■ Task input:
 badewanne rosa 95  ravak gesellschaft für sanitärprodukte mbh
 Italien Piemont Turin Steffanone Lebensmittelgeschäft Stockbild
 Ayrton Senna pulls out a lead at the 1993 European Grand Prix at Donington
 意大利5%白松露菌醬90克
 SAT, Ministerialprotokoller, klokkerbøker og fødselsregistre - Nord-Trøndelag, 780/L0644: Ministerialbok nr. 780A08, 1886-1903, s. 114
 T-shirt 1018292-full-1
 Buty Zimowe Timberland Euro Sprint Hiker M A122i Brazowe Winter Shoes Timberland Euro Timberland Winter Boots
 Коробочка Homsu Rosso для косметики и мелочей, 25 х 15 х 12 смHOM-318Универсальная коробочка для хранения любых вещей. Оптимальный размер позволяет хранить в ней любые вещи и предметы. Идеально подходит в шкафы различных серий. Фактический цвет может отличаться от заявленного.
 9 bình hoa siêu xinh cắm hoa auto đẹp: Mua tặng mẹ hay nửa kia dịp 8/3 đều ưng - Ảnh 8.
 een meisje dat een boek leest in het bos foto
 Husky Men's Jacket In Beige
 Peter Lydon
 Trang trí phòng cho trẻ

■ Prompt: Out of the entries above, write out only the lines between the line holding "SAT, Ministerialprotokoller, klokkerbøker" and the line holding "Buty Zimowe Timberland", inclusive, each exactly as given.

■ Answer:
 SAT, Ministerialprotokoller, klokkerbøker og fødselsregistre - Nord-Trøndelag, 780/L0644: Ministerialbok nr. 780A08, 1886-1903, s. 114
 T-shirt 1018292-full-1
 Buty Zimowe Timberland Euro Sprint Hiker M A122i Brazowe Winter Shoes Timberland Euro Timberland Winter Boots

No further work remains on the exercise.